24. Chromosomal Diseases - Etiology, Pathogenesis, Classification

Etiology: Chromosomal diseases result from visible abnormalities of chromosome number or structure, detectable by karyotype analysis.
Causes of non-disjunction (leading to aneuploidy):
  • Failure of chromosomes to separate at meiosis I or II
  • Risk factors: advanced maternal age (decreased meiotic spindle checkpoint fidelity), radiation, some chemicals
  • Most common: trisomy 21 (Down syndrome) - 95% from non-disjunction in maternal meiosis I
Pathogenesis:
  • An extra chromosome means ~50% more gene product from genes on that chromosome
  • Dosage imbalance of hundreds of genes → complex, pleiotropic developmental disruption
  • Critical regions have been identified (e.g., Chr 21q22 critical region for Down syndrome features)
  • Deletions/duplications cause haploinsufficiency or triplosensitivity of key developmental genes
Classification:
Numerical abnormalities (aneuploidy and polyploidy):
  • Trisomies: Down syndrome (47,+21): intellectual disability, characteristic facies, cardiac defects, increased leukemia risk, early Alzheimer's pathology
  • Edwards syndrome (47,+18): severe, multiple organ defects, 95% die within first year
  • Patau syndrome (47,+13): severe brain, heart, and face malformations, very poor prognosis
  • Sex chromosome: Turner syndrome (45,X): short stature, gonadal dysgenesis, neck webbing, coarctation; Klinefelter syndrome (47,XXY): tall, hypogonadism, infertility, mild cognitive effects; Triple X (47,XXX)
Structural abnormalities:
  • Deletions: Cri-du-chat (5p-); Williams syndrome (7q11.23 microdeletion)
  • Translocations: Balanced (no clinical effect usually) vs. unbalanced (deletion + duplication effects); Robertsonian translocation (14;21) → familial Down syndrome
  • Inversions: Usually no effect if balanced; inversion carriers at risk for unbalanced progeny
  • Ring chromosomes

25. Multifactorial Diseases; Genetic Diseases of Somatic Cells; Non-Traditional Inheritance

Multifactorial diseases:
Arise from the combined action of multiple susceptibility genes (polygenic basis) plus environmental triggers.
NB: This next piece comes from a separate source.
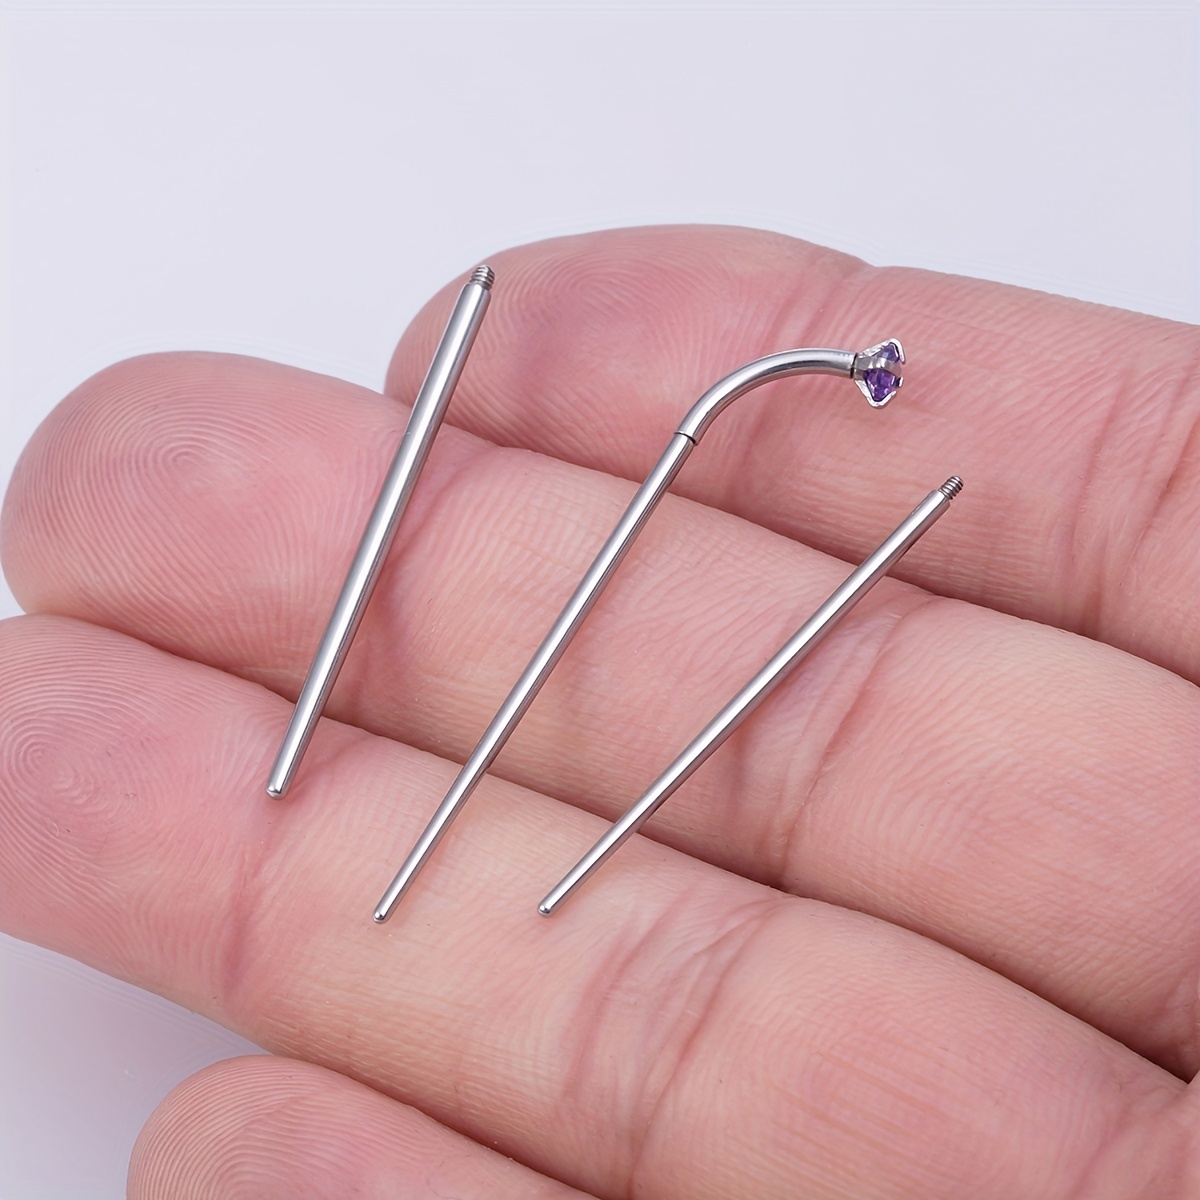 Taper Piercing Pins

Neither the genetic nor environmental component alone is sufficient.
Features:
  • Familial clustering without clear Mendelian pattern
  • Concordance in monozygotic twins: higher than dizygotic, but <100%
  • Risk increases with number of affected first-degree relatives
  • Threshold model: genetic predisposition raises liability; environmental factors push over threshold
Examples: Type 2 diabetes, hypertension, coronary artery disease, schizophrenia, most congenital defects (neural tube, cleft palate), rheumatoid arthritis, asthma
Genetic diseases of somatic cells: Cancer is the prototypical somatic genetic disease. Somatic mutations in oncogenes, tumor suppressors, and DNA repair genes accumulate in a single cell lineage → uncontrolled proliferation. Not heritable through germline (unless a germline mutation predisposes, like BRCA1/2 in breast cancer).
Hereditary diseases with non-traditional inheritance:
  1. Mitochondrial (maternal) inheritance:
    • mtDNA mutations are transmitted exclusively through the mother (sperm have no mitochondria in the embryo)
    • All children of affected mother are at risk; no paternal transmission
    • Heteroplasmy: mixture of normal and mutant mtDNA; clinical severity depends on proportion
    • Examples: MELAS (mitochondrial encephalomyopathy, lactic acidosis, stroke-like episodes), Leber hereditary optic neuropathy (LHON)
  2. Genomic imprinting:
    • Certain gene loci are methylated (silenced) in a parent-of-origin-specific manner
    • Loss of the active (non-imprinted) allele → disease
    • Same deletion of Chr 15q11-q13 causes Prader-Willi (if paternal allele deleted, maternal imprinted allele = only copy, silenced) or Angelman syndrome (if maternal allele deleted, paternal allele = only copy, silenced)
  3. Trinucleotide repeat expansion (dynamic mutations):
    • Tandem repeats (CAG, CGG, CTG) are unstable and can expand during meiosis
    • Expansions above a threshold cause disease; larger expansions → earlier onset (genetic anticipation)
    • Examples: Fragile X syndrome (CGG in FMR1 5'UTR), Huntington disease (CAG in exon 1 of HTT), myotonic dystrophy (CTG in DMPK)
  4. Uniparental disomy (UPD):
    • Both copies of a chromosome pair inherited from the same parent
    • If an imprinted region is involved → disease (e.g., maternal UPD15 → Prader-Willi)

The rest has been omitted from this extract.